Highland pilots breakfast program
Glenwood Springs, Colorado CO
RIFLE, Colorado – Highland Elementary students start their day off with the most important meal of the day – breakfast.
Research indicates that children who eat a complete breakfast make fewer mistakes and work faster in math tests than those who eat a partial breakfast. They tend to show improved cognitive function, attention and memory.
According to a study conducted in the Boston Public School system, students in schools that provide breakfast in the classroom show decreases in tardiness and suspensions as well as improved student behavior and attentiveness.
Highland students say the research is right.
“They say that breakfast is the most important meal of the day,” said fourth-grader Alexus Palmer. “It helps our brains focus.”
The program, funded through the Federal School Breakfast Program, began in January and allows students to eat breakfast in the classroom first thing in the morning.
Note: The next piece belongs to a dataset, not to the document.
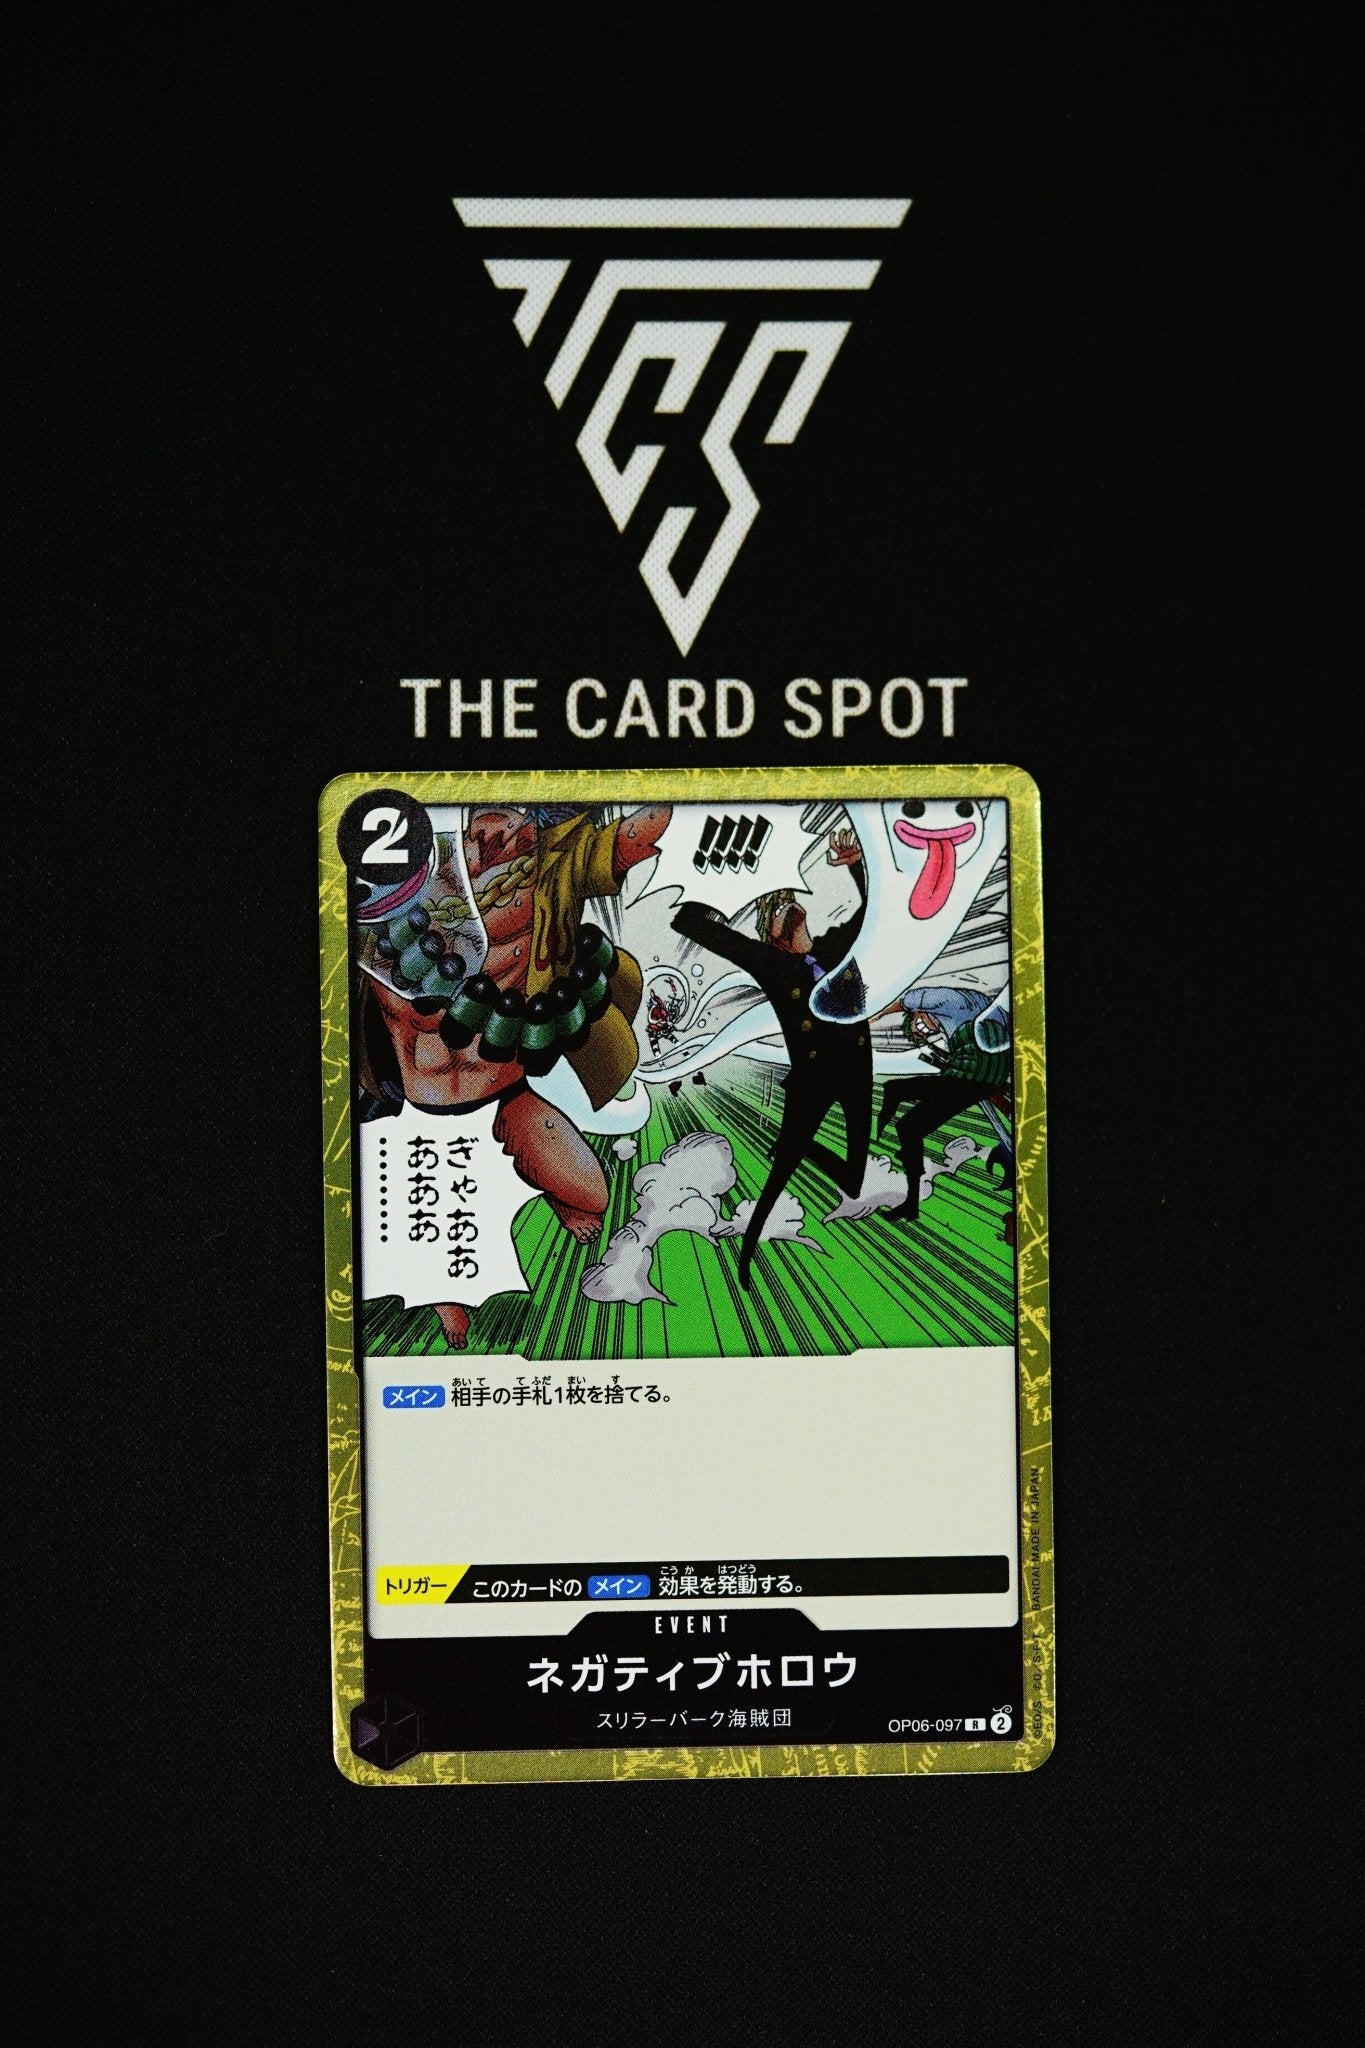 OP06-097 R Negative Hollow - One Piece - THE CARD SPOT PTY LTD.One Piece CardsONE PIECE

Breakfast is available at no cost to all Highland Elementary students regardless of their family’s income. The breakfast in the classroom program is being piloted only at Highland Elementary.
Though all of the Garfield Re-2 schools serve breakfast students who qualify, the breakfast in the classroom program has tripled participation from around 80 kids to about 330 students a day, said Highland’s kitchen manager, Lisa Reichert.
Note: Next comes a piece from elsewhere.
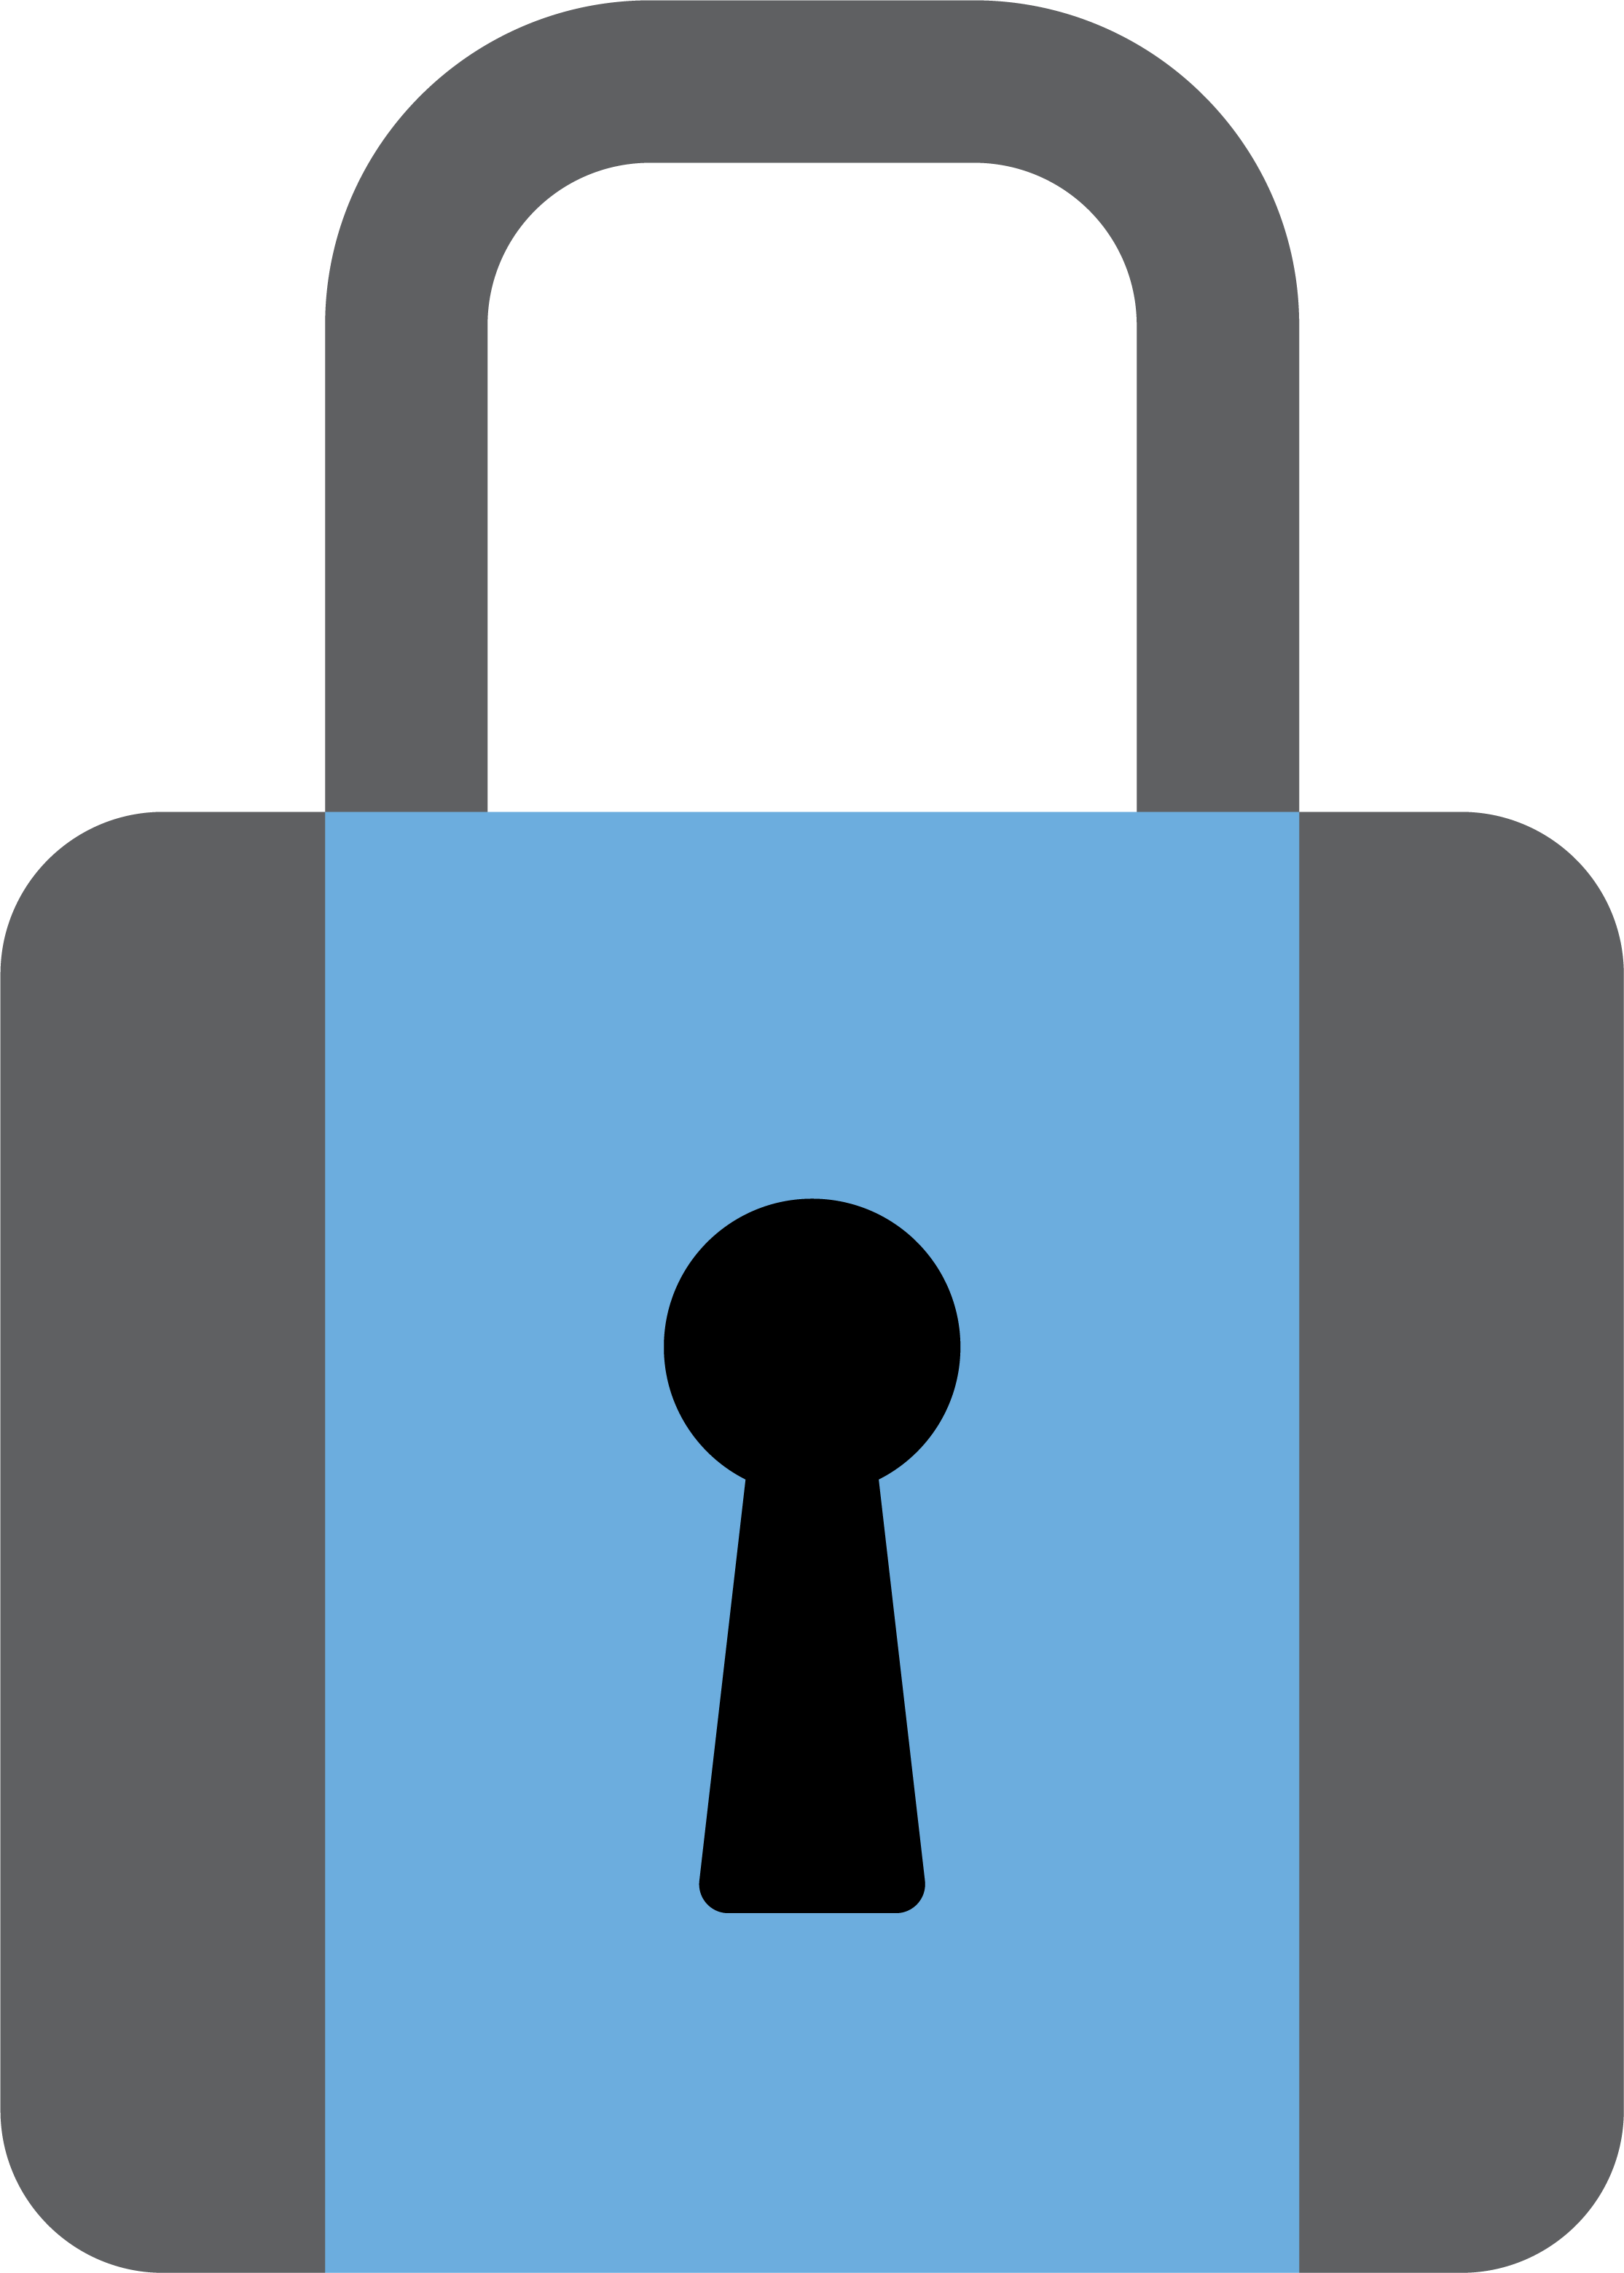 Graphic: School Security (Lock)

Nutrition services coordinator Lori VanSlyke spent several months researching the program and putting the support structures in place to help it be successful.
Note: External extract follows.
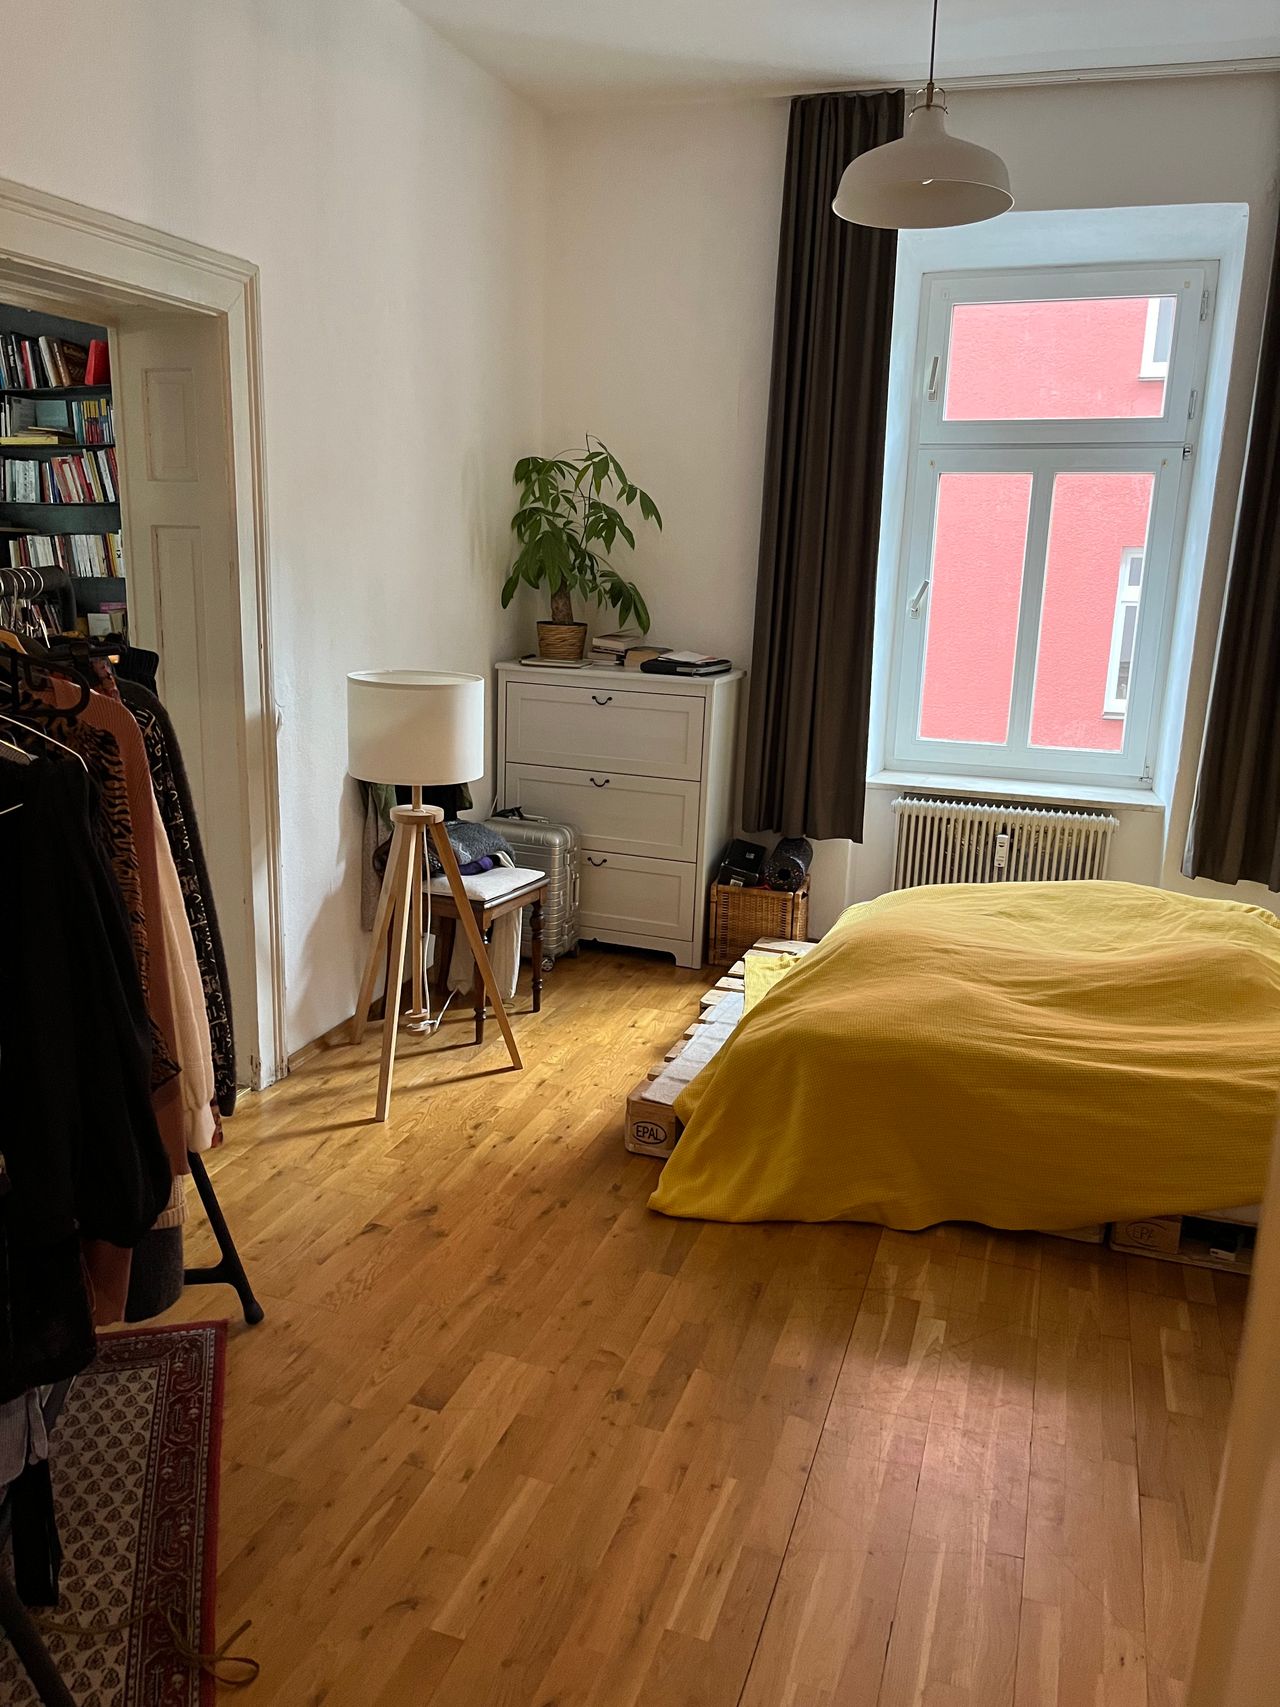 Interim let: Charming 2-room flat in an old building in Munich Neuhausen

The students and teachers give the program two thumbs up.
“It helps our brains get ready for work,” said fourth grader Kate Cardenas Lepe.
“It’s hard to make sure that you eat a good breakfast in the morning,” added Palmer. “We are lucky because we get delicious food for breakfast in class.”
Teachers say that they have seen a reduction in the number of early morning headaches, stomach-aches, and general tiredness.
Highland Principal Alan Dillon said that he is looking forward to evaluating the reading data in the coming weeks to see if the breakfast in the classroom program is making a difference in the academic performance of his students. However, he does see one major advantage to the program before seeing any data.
“Eating meals together is important in a culture and in a classroom. It makes it safe and comfortable for our students in the classroom. By offering the program to everyone in the school, it takes any stigma away from those students who really need the program and were separated from their peers before,” he said.
He praises VanSlyke and Reichert for making the program run very smoothly at Highland and supporting the students.
“I love it,” added Dillon. “I think it is good for kids and it is good for our building at no cost to the district.”